Let me tell you, sixty bucks spent on anything should feel like one of the above.
Yeah. Well, that is not what happened to me today.
I picked up the Elf Boots and forked over sixty bucks, only to be handed back my favorite boots, looking exactly how they should look. No bells and whistles. They still had the green Play-Doh ground into one of the straps. They looked practical, the soles and heels were brand new and the broken strap replaced.
I made an artisan happy. I am tickled to support our local economy in a way that works with how I want to live my life.

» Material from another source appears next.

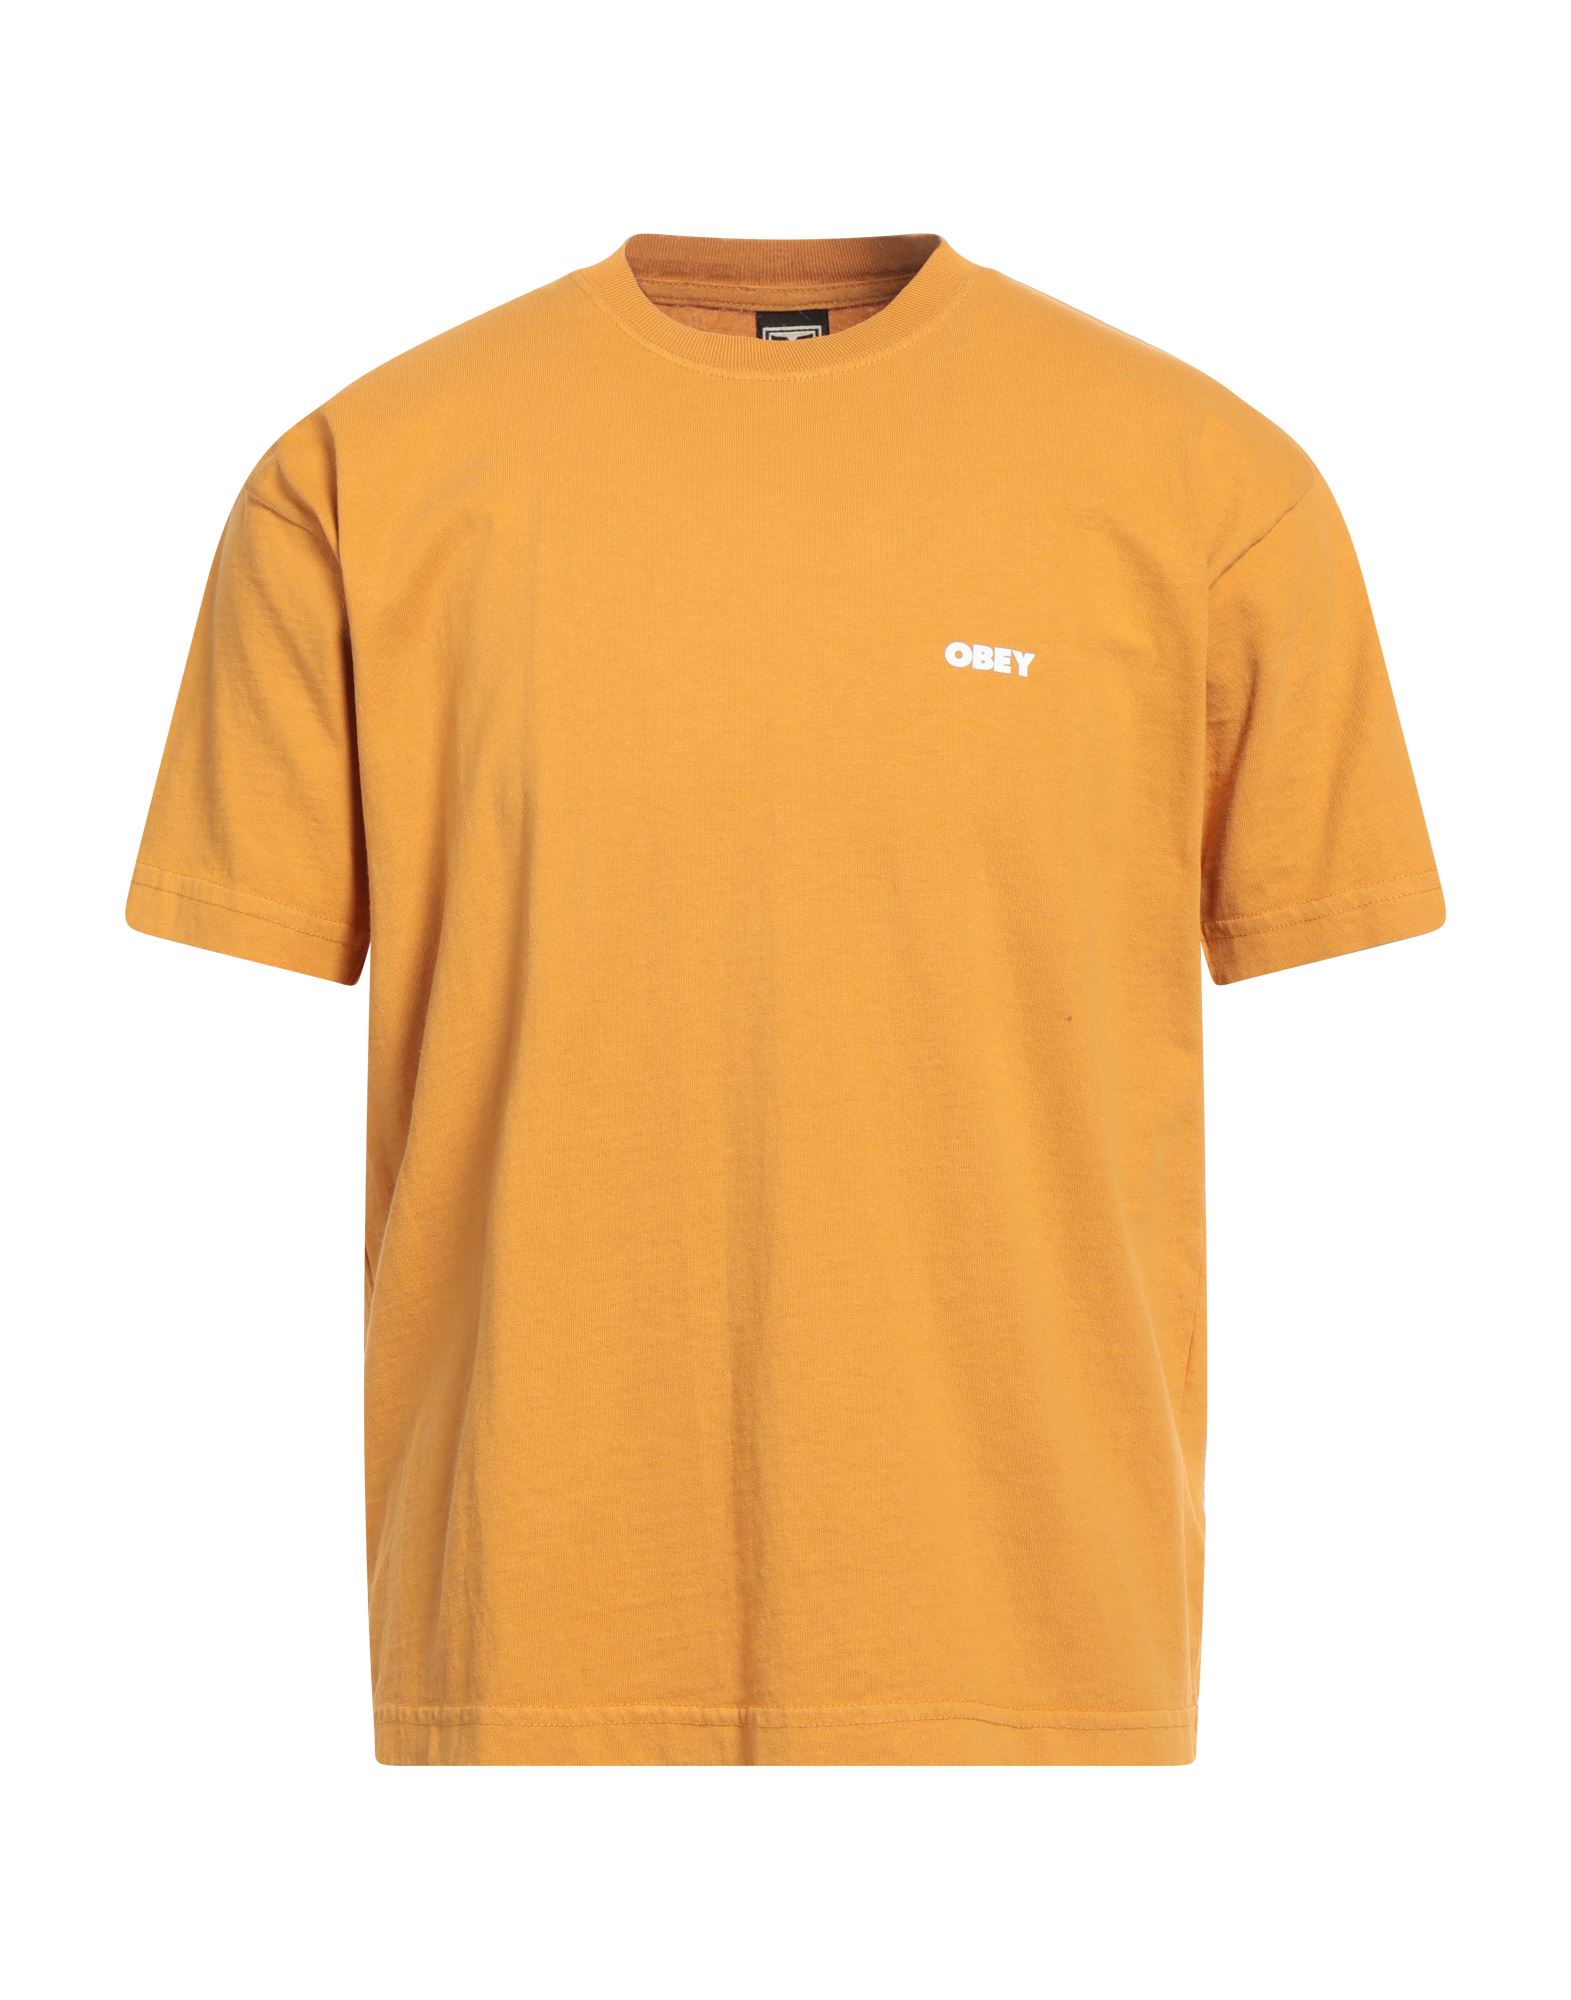 OBEY T-shirts Herren Mandarine von OBEY

But still. Sixty bucks is sixty bucks. There could have at least been, I dunno, like a wrapped package with a bow or something and a flowery letter of thanks from Rumpelstiltskin.
Once I got the shoes home, I took out a long-neglected spray bottle of leather waterproofer and sprayed those suckers down as though we lived in the Pacific Northwest. I treated them like they were new. I took out a suede brush and spiffed them up real nice. (Without green Play-Doh they look positively smashing.) I got out a few other leather items and waterproofed them. Seeing a neat little row of fresh, well-loved shoes and a backpack made my heart warm.
I am glad to have my boots back, but I was admittedly disappointed at the same time. However, this disappointment is very distinct from buyer’s remorse, another feeling with which I am intimately familiar. And given the sum of money spent, I could easily have felt it.
How I treat my things, though, that can make a difference. Seeing my boots: fixed and brushed and cleaned and waterproofed made me feel like a good steward. The disappointment faded and made way for something more pleasant: satisfaction.
I came to remember that Stewardship is one of the virtues on my family’s list, one of the sixty-some virtues we want our children to learn to live by. Feeling virtuous, in this small thing, made me feel happy.
There are no fancy bows or wrapping paper that come with being a good steward. But virtue, it turns out, is its own reward.